# Current processing time for CCW permits in Guilford County, NC



## rts (Sep 12, 2010)

Does anyone know what the current processing time for CCW permits are for Guilford county, NC? I was told at the sheriff's office when I went there on the 10th of this month that it was taking the full 90 days. Was told in the class (unless I misunderstood) that it was taking about two or three weeks.


----------



## bruce333 (Sep 1, 2006)

Sorry I can't answer your question. But if your instructor said they are taking about 2-3 weeks that may be more accurate than the Sheriff's Office.
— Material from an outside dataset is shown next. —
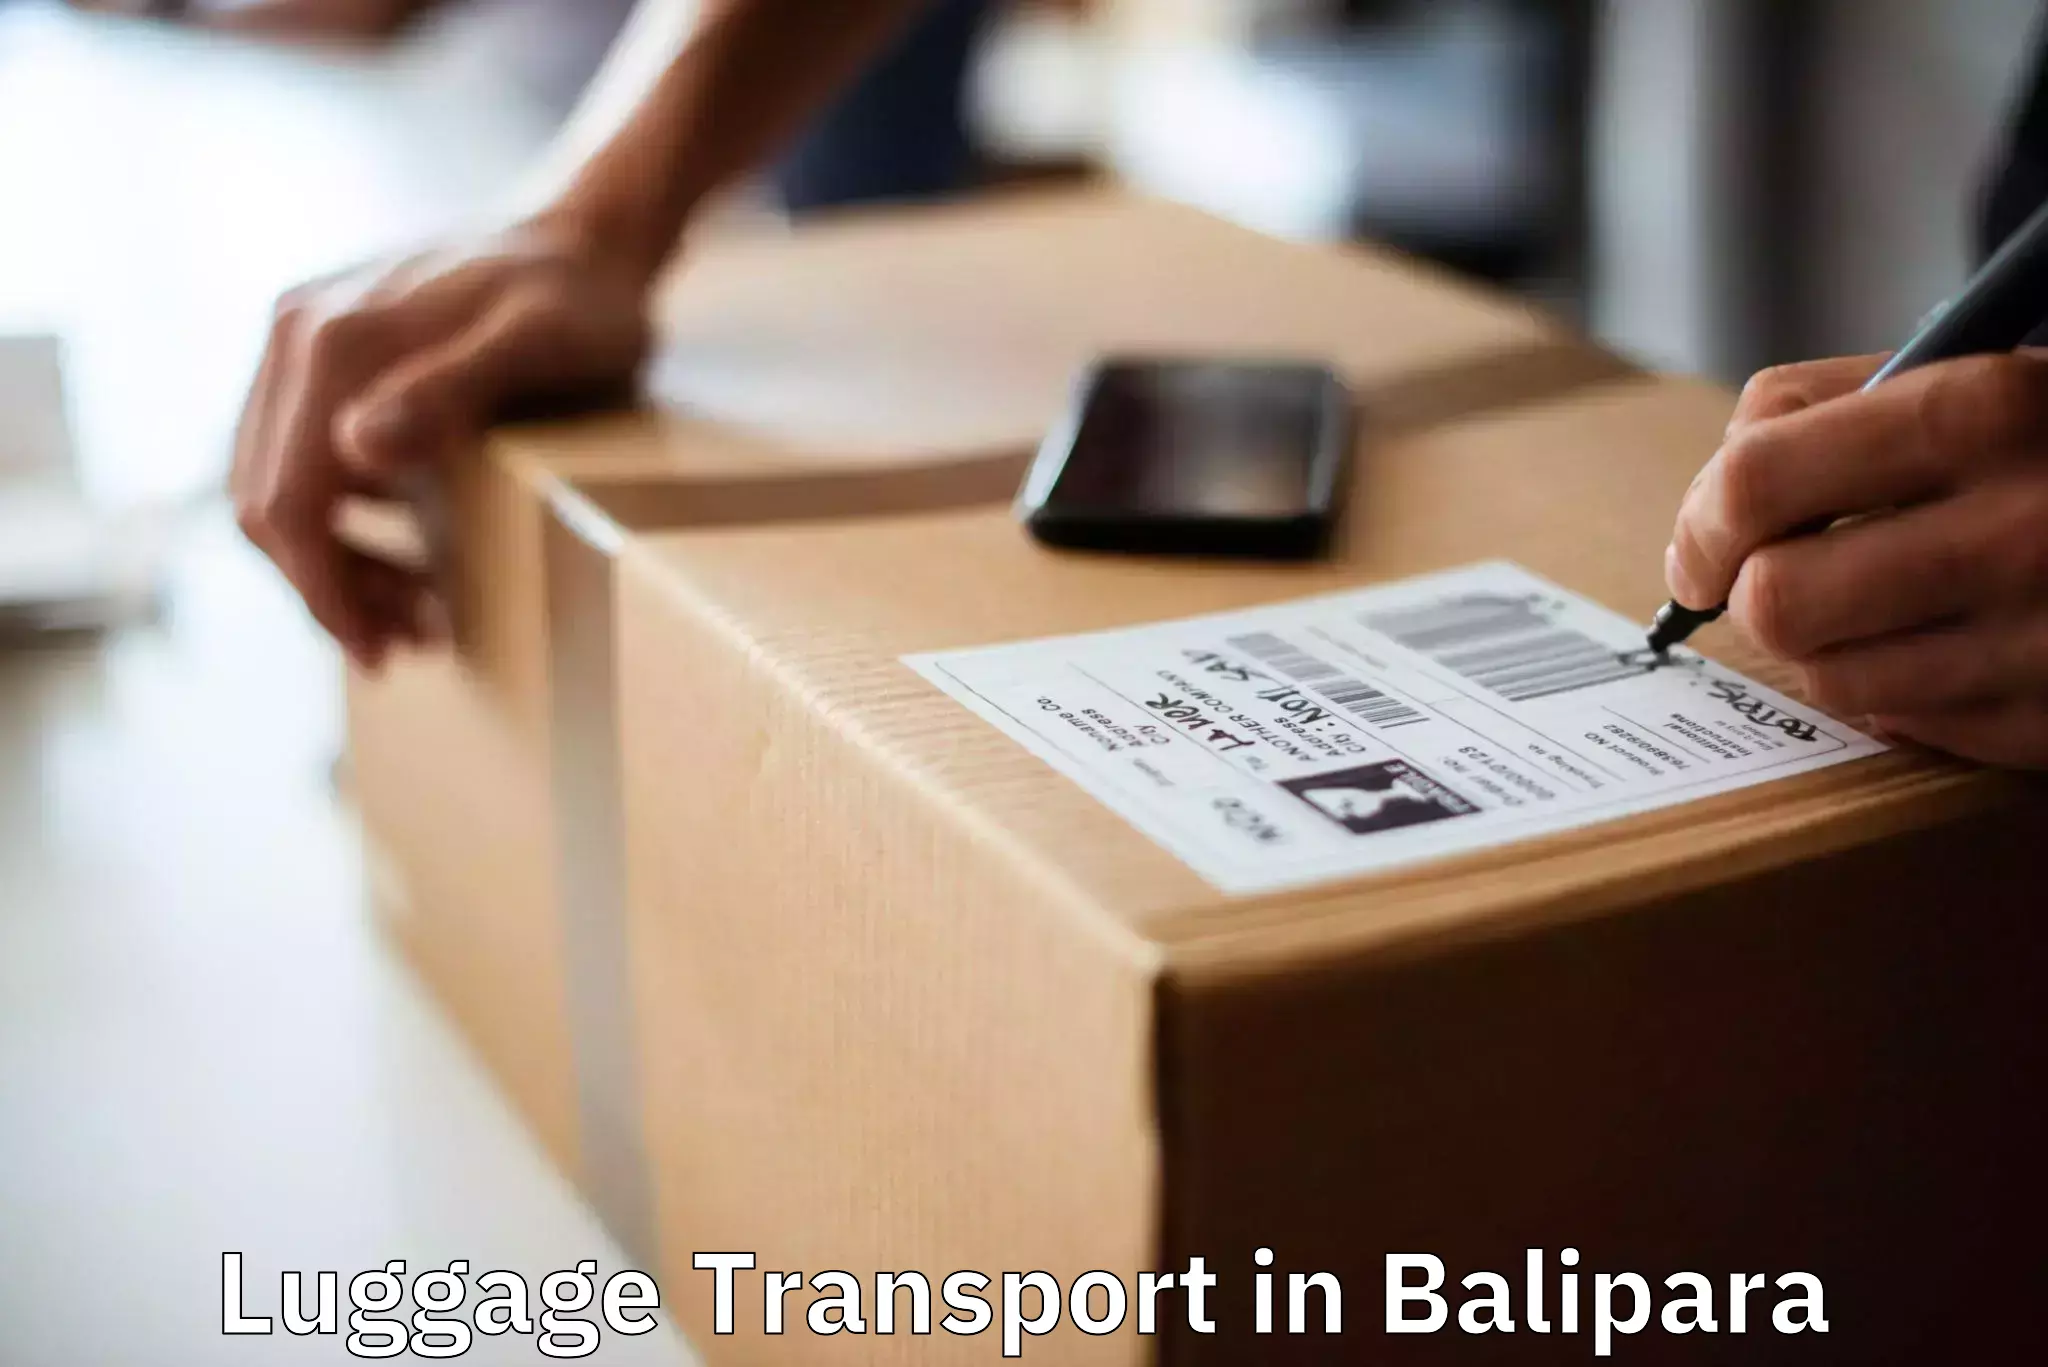 Baggage transport network in Balipara

The Sheriff's office isn't going to tell you 2-3 weeks because if somethig happens and it takes the full 90 you'd be upset.


----------



## Couch Potato (Jun 3, 2010)

Here in Orange county it takes 7 weeks when everything is normal. The bulk of that time is allowing response time for background check inquiries. At the six week mark they send the package to the state, then handout the permit the next week.

There is much to be done for the process to be done correctly, but I doubt it will take the full 90 days unless something goes wrong. About half of that is reasonable, and anything less is a bonus. Do take the time to ask if you filled everything out properly when you hand deliver your application.


----------



## js (Jun 29, 2006)

90 days. It took mine exactly 91 business days. 
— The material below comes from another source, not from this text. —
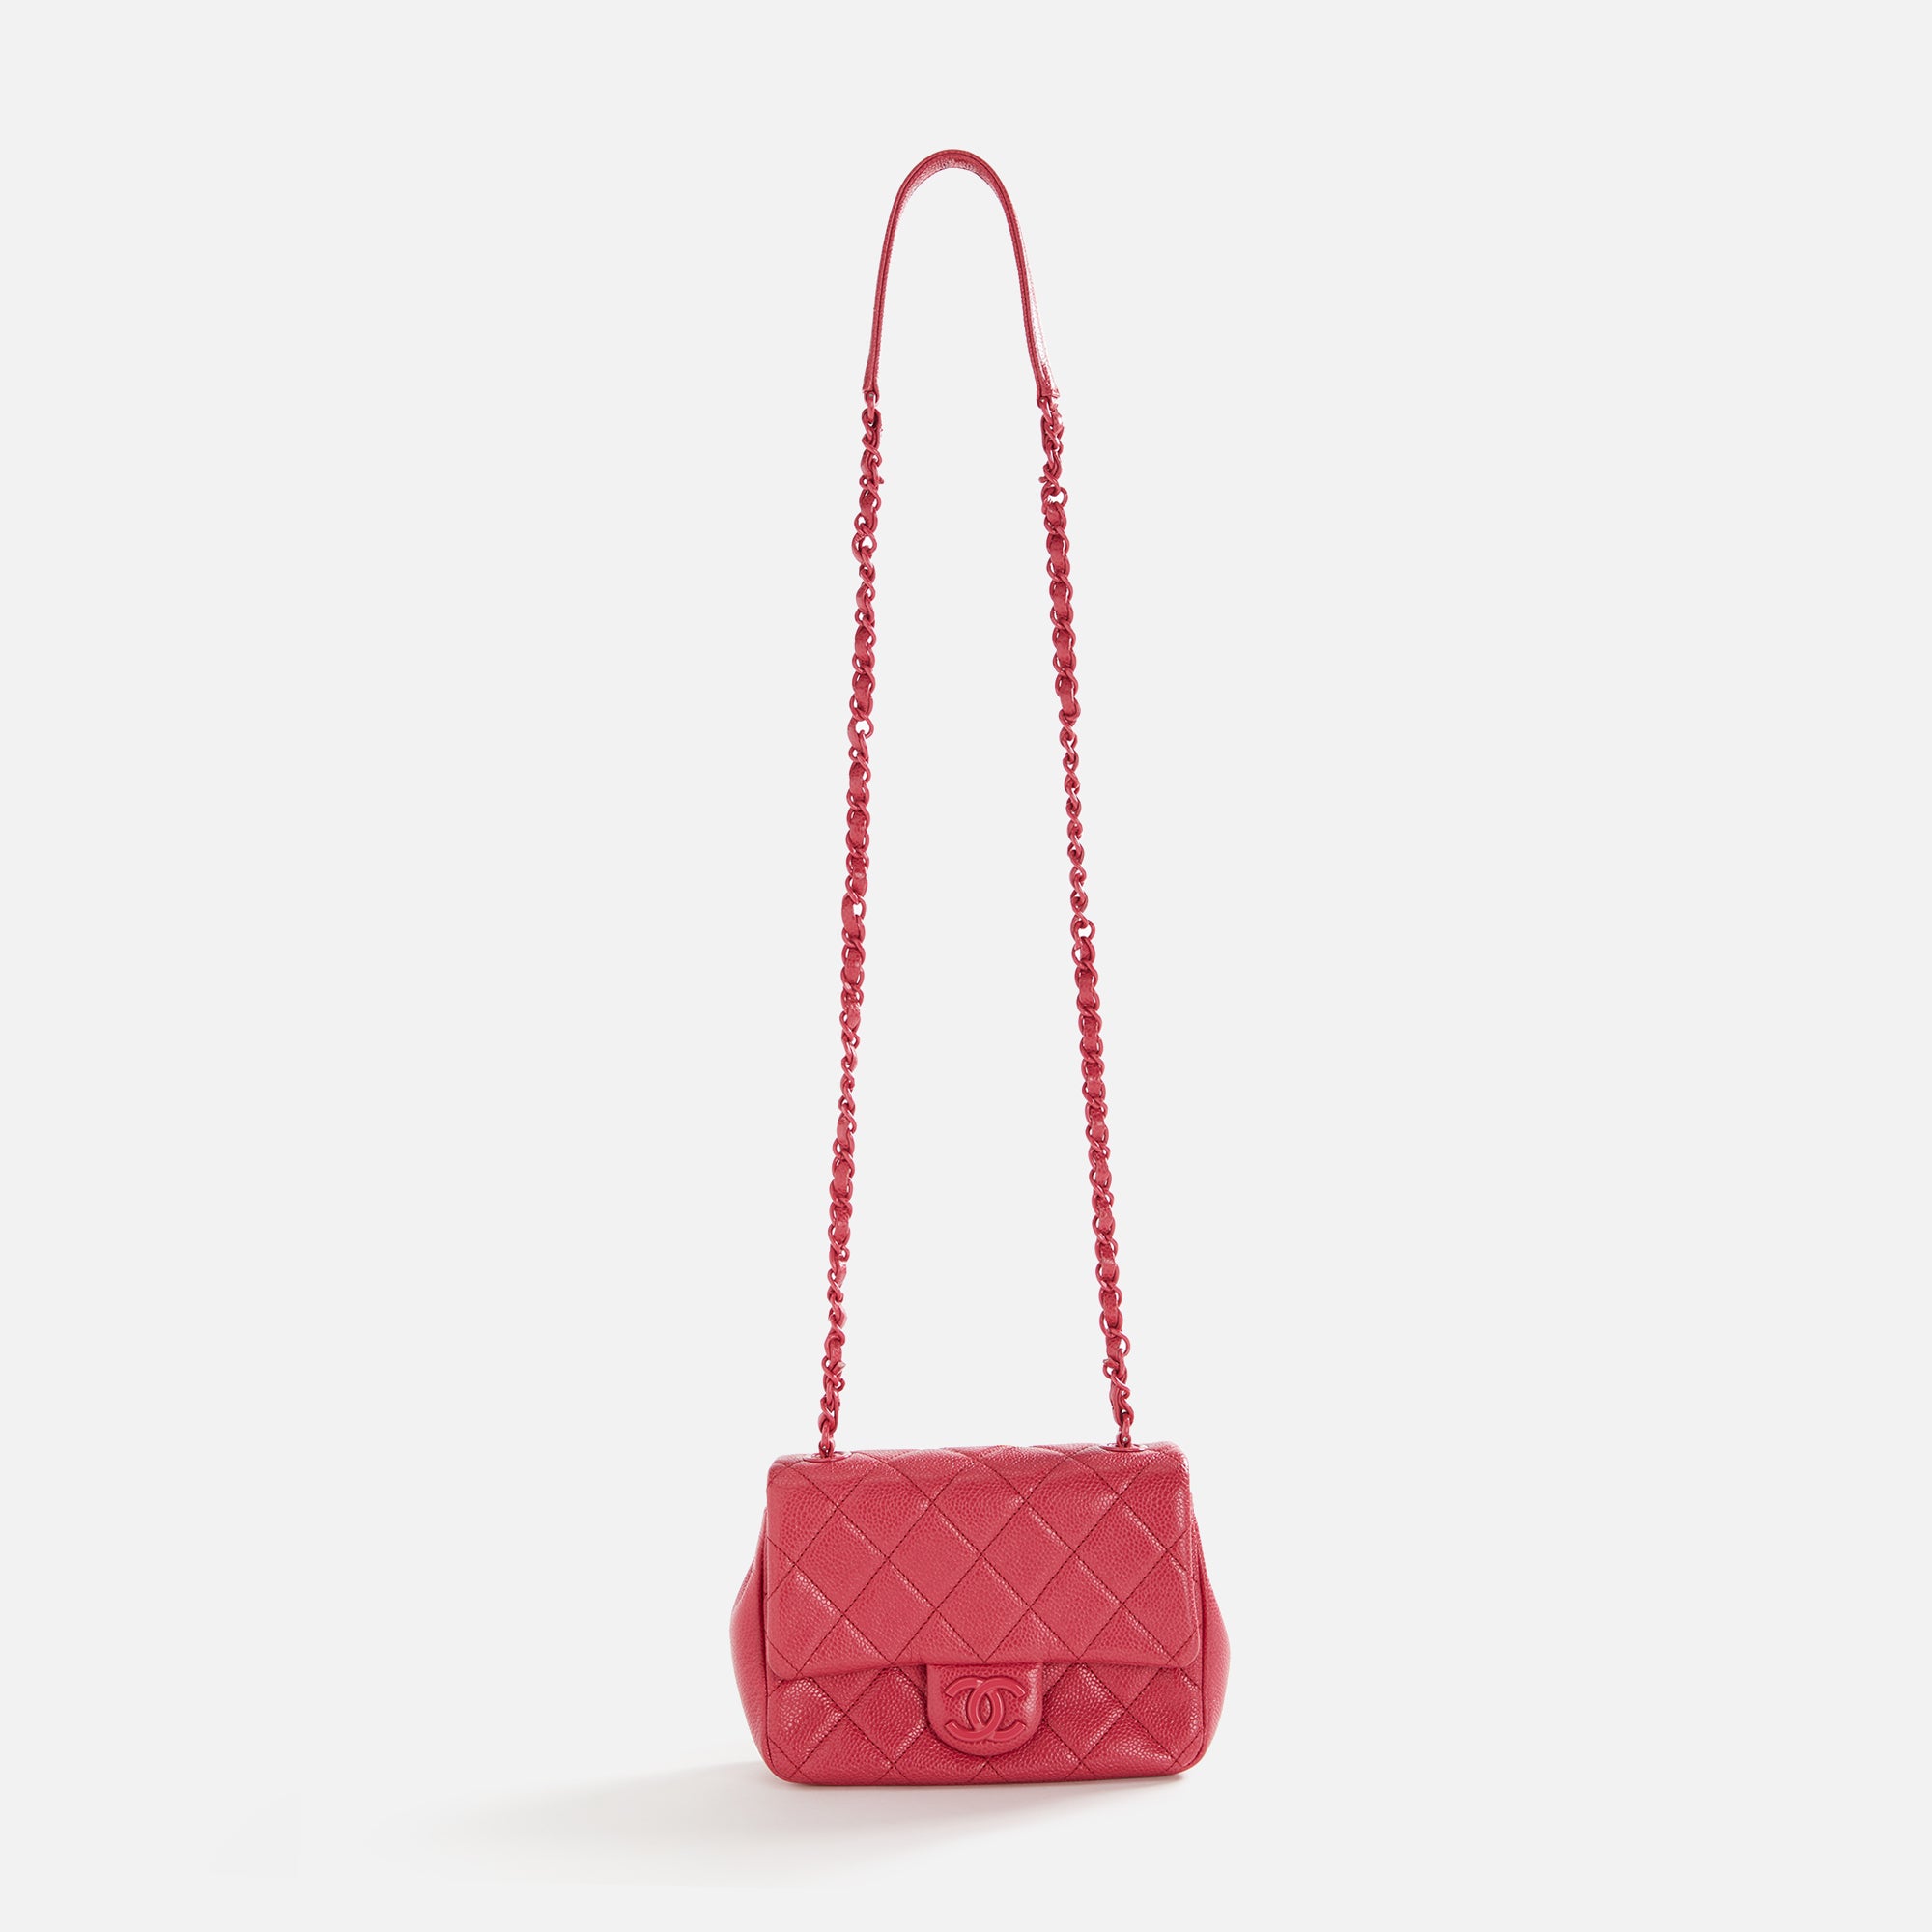 Chanel Top Handle Mini Rectangular Flap Bag Black Grained Calfskin

That being said, the Sheriff's Dept has hired an extra person to help with the permits... So I've heard of some getting theirs a little sooner.


----------



## MitchellB (Aug 14, 2010)

I got my CHP back from Guilford Co. in April and it took about 82 days as I recall. I think you can expect it to take the full 90 days from what I understand for most of them to be processed. They used to just have one woman in there that took care of the entire county's applications.


----------



## rts (Sep 12, 2010)

MitchellB said:


> I got my CHP back from Guilford Co. in April and it took about 82 days as I recall. I think you can expect it to take the full 90 days from what I understand for most of them to be processed. They used to just have one woman in there that took care of the entire county's applications.


Thanks for the replies. Well I guess if it takes 90 days, I will just look at it as a nice Christmas present. I think there are two or three people handling the applications now. So maybe it won't be the full 90.


----------



## rts (Sep 12, 2010)

rts said:


> Thanks for the replies. Well I guess if it takes 90 days, I will just look at it as a nice Christmas present. I think there are two or three people handling the applications now. So maybe it won't be the full 90.


Well it wasn't two weeks. So I will update the actual time it took when it happens. Just for recent info purposes.


----------



## rts (Sep 12, 2010)

After talking with a couple of people that teach ccp classes, it looks like Guilford County is taking the full 90 days to issue permits. If that changes I will post when I got mine.


----------



## SigP229R (Jun 1, 2007)

_Looks like about 85-90 days and the one thing everyone has forgotten to mention is the fact we have a pretty Pro CCW sheriff and I'm voting for him again this election. That's all!!_


----------